RECORDS PROVIDED Block Start
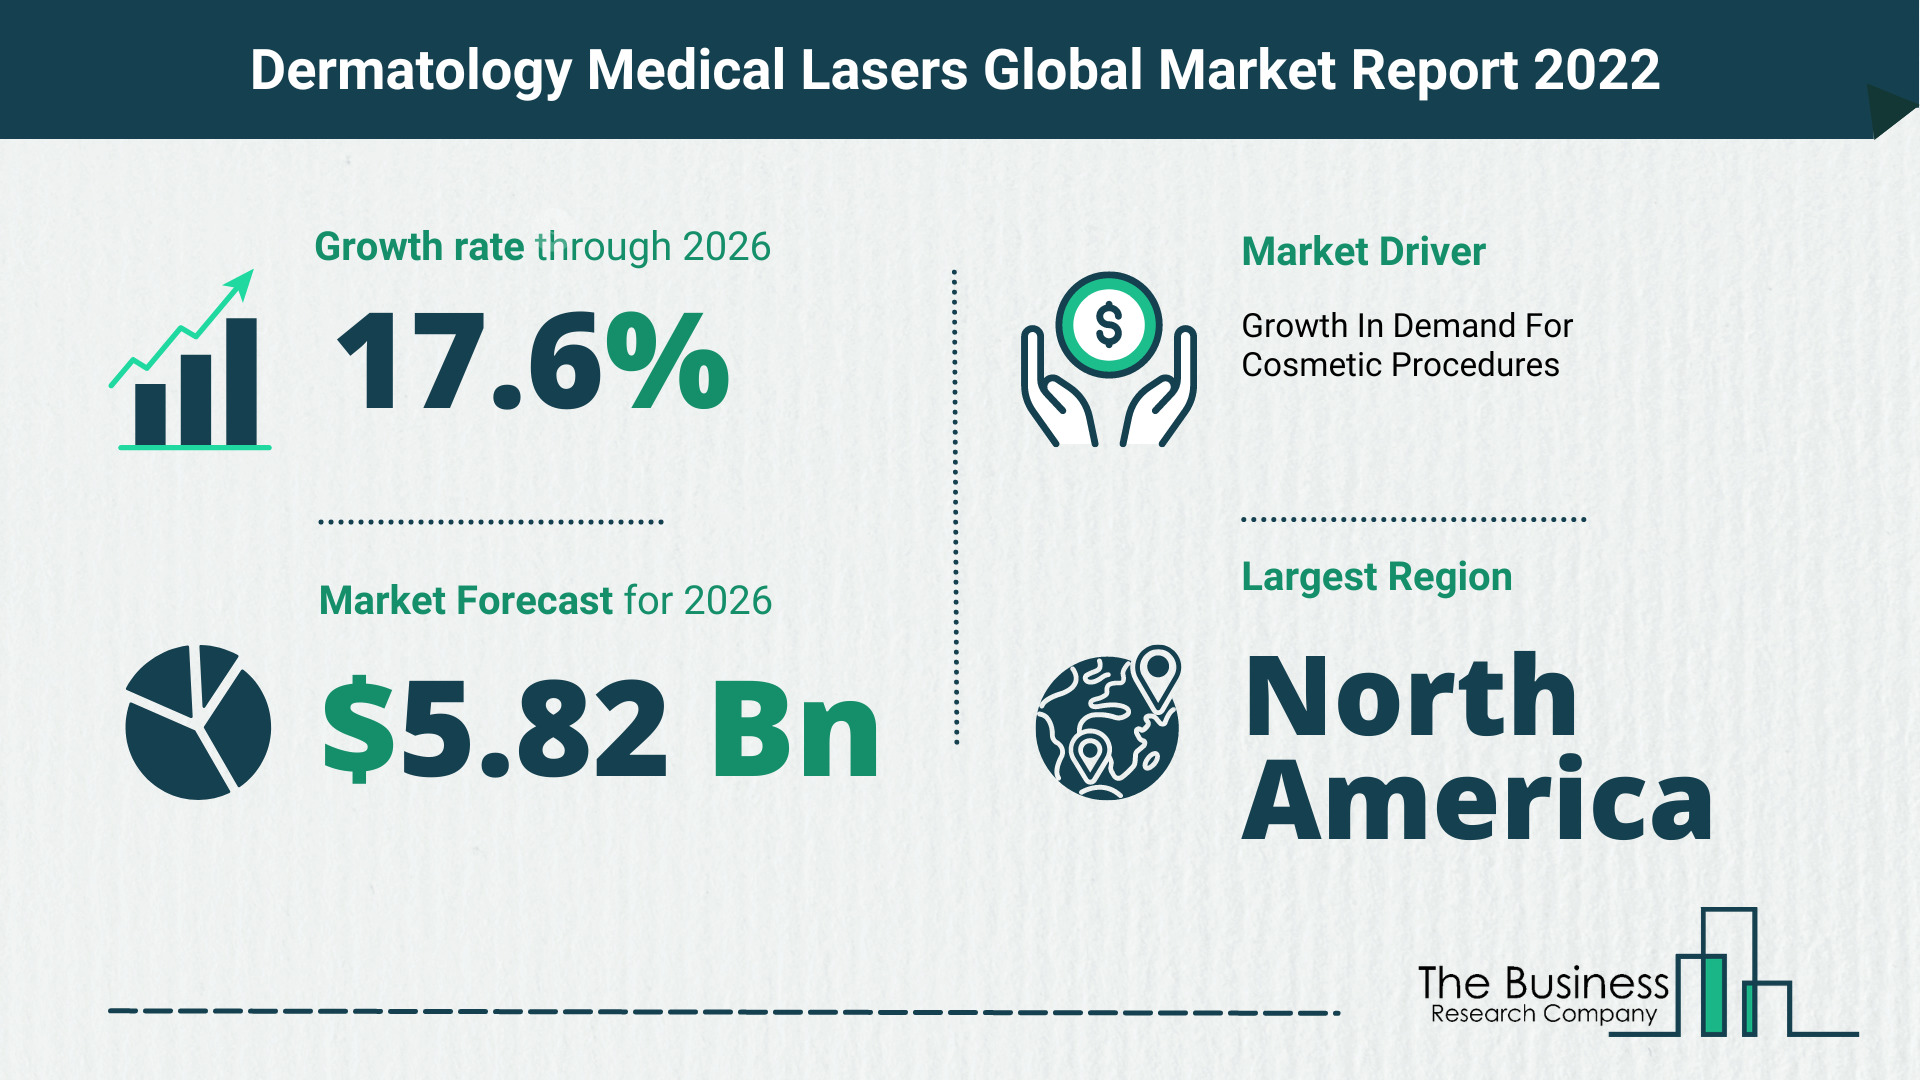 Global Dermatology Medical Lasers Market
RECORDS PROVIDED Block End
RECORDS PROVIDED Block Start
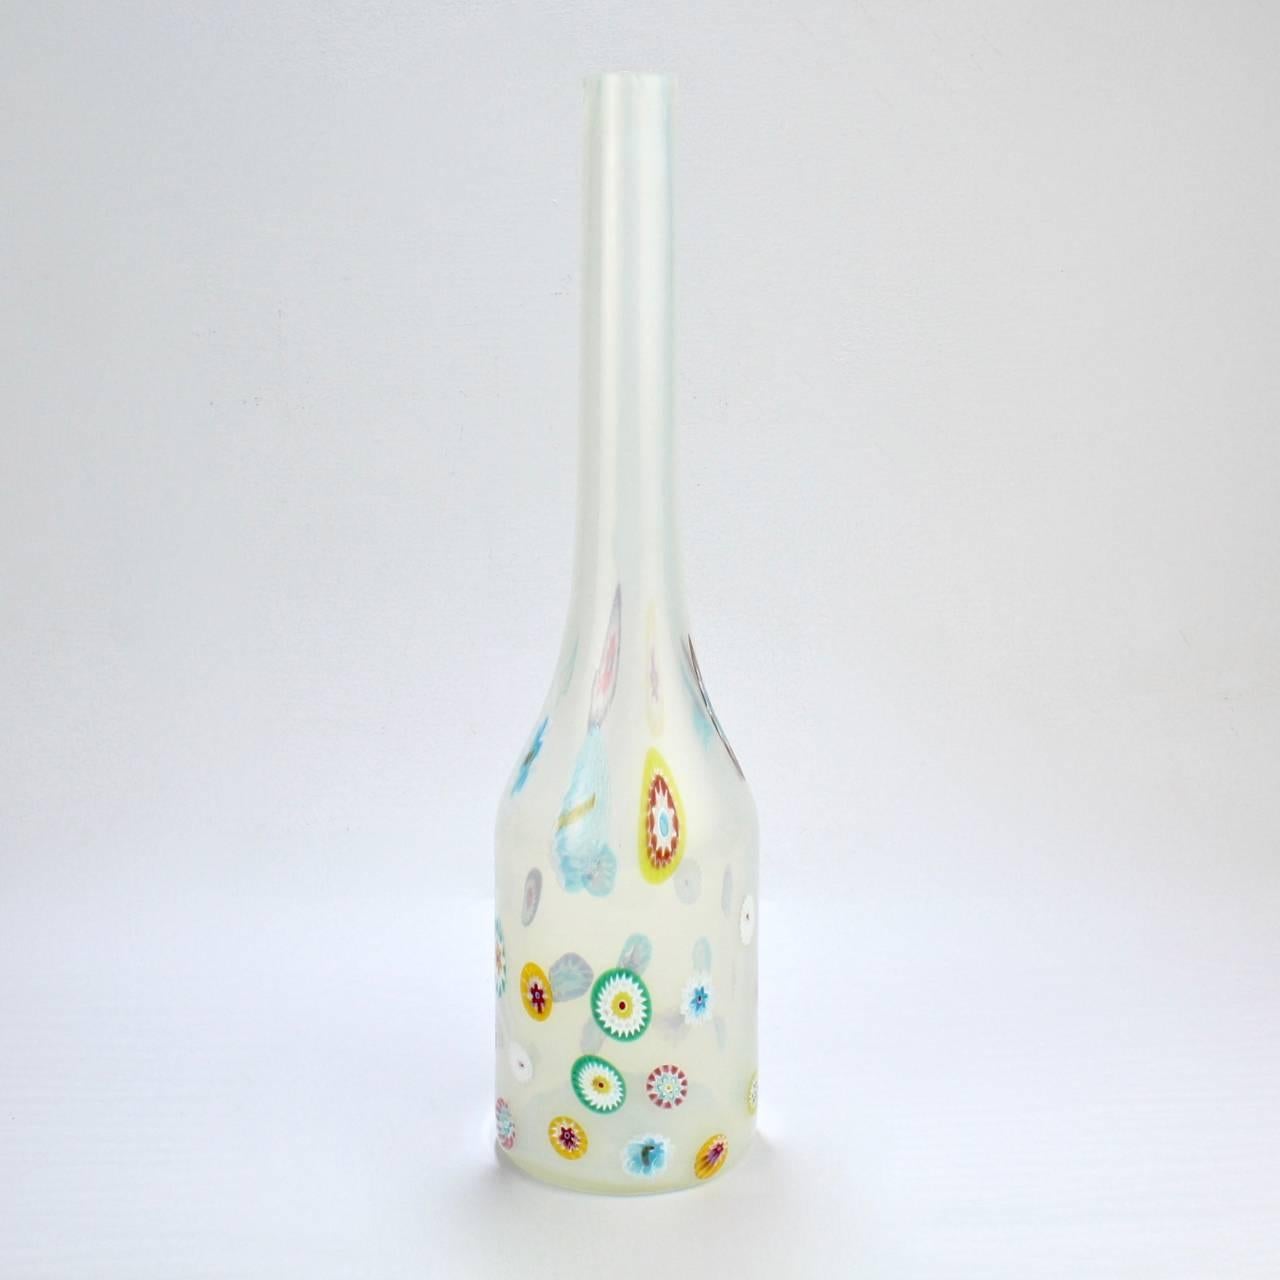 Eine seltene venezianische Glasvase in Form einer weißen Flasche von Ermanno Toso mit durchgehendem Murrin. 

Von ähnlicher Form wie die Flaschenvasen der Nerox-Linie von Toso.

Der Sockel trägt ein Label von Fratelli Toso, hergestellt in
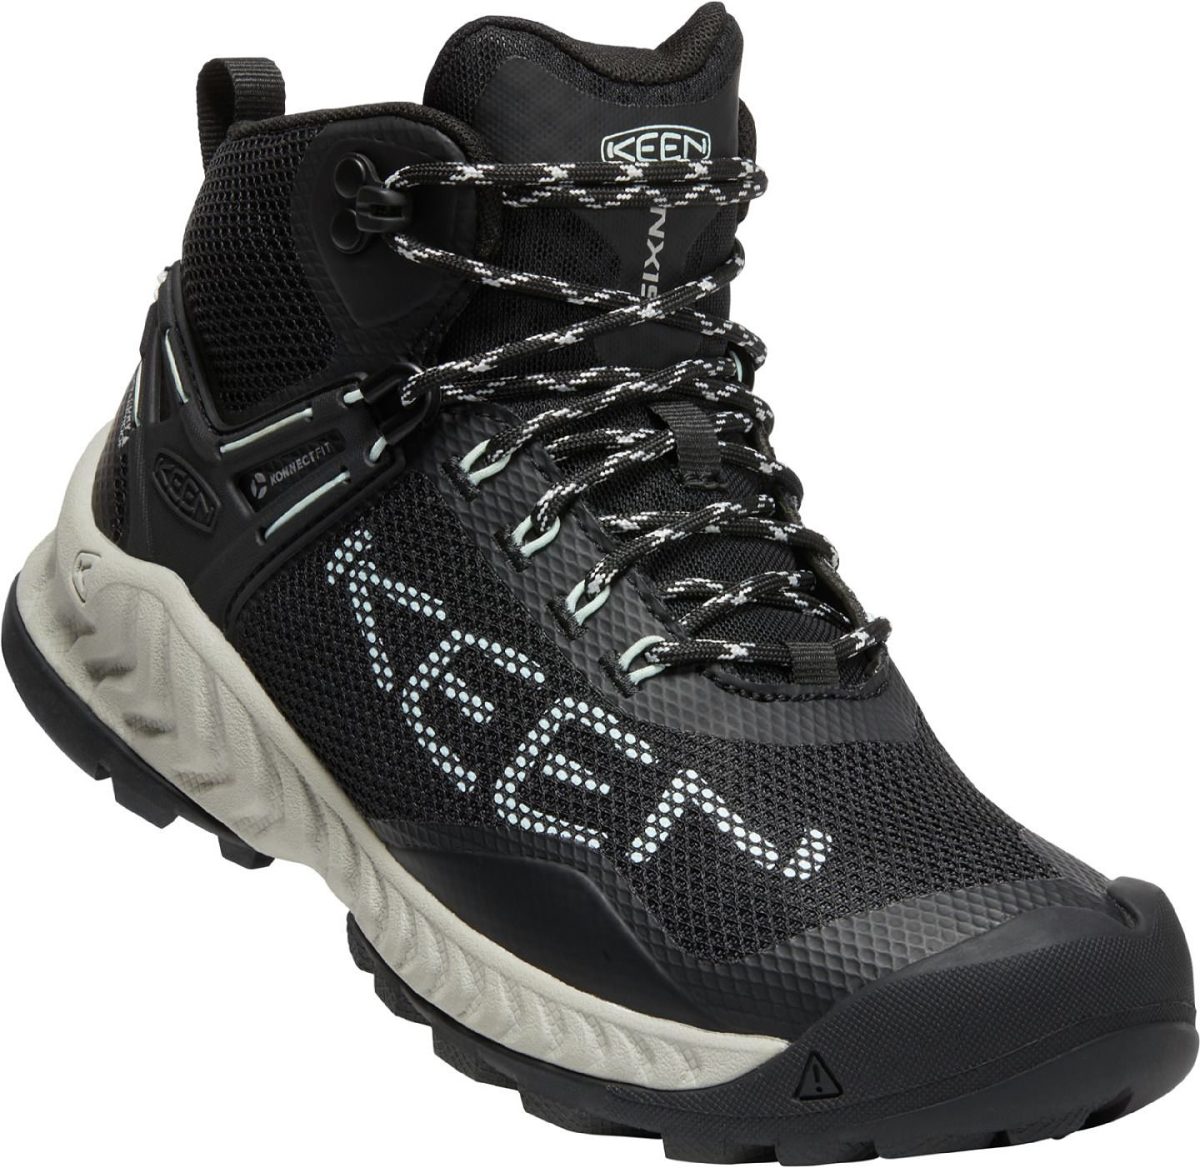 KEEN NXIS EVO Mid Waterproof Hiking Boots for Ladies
RECORDS PROVIDED Block End
RECORDS PROVIDED Block Start
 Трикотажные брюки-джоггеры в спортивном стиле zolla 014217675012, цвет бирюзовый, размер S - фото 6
RECORDS PROVIDED Block End
## EXERCISE
Your answer must be everything above from the line with "Von ähnlicher Form" down to the line with "KEEN NXIS EVO", word for word, and no pictures.

## REPLY TO THE TASK
Von ähnlicher Form wie die Flaschenvasen der Nerox-Linie von Toso.

Der Sockel trägt ein Label von Fratelli Toso, hergestellt in
 KEEN NXIS EVO Mid Waterproof Hiking Boots for Ladies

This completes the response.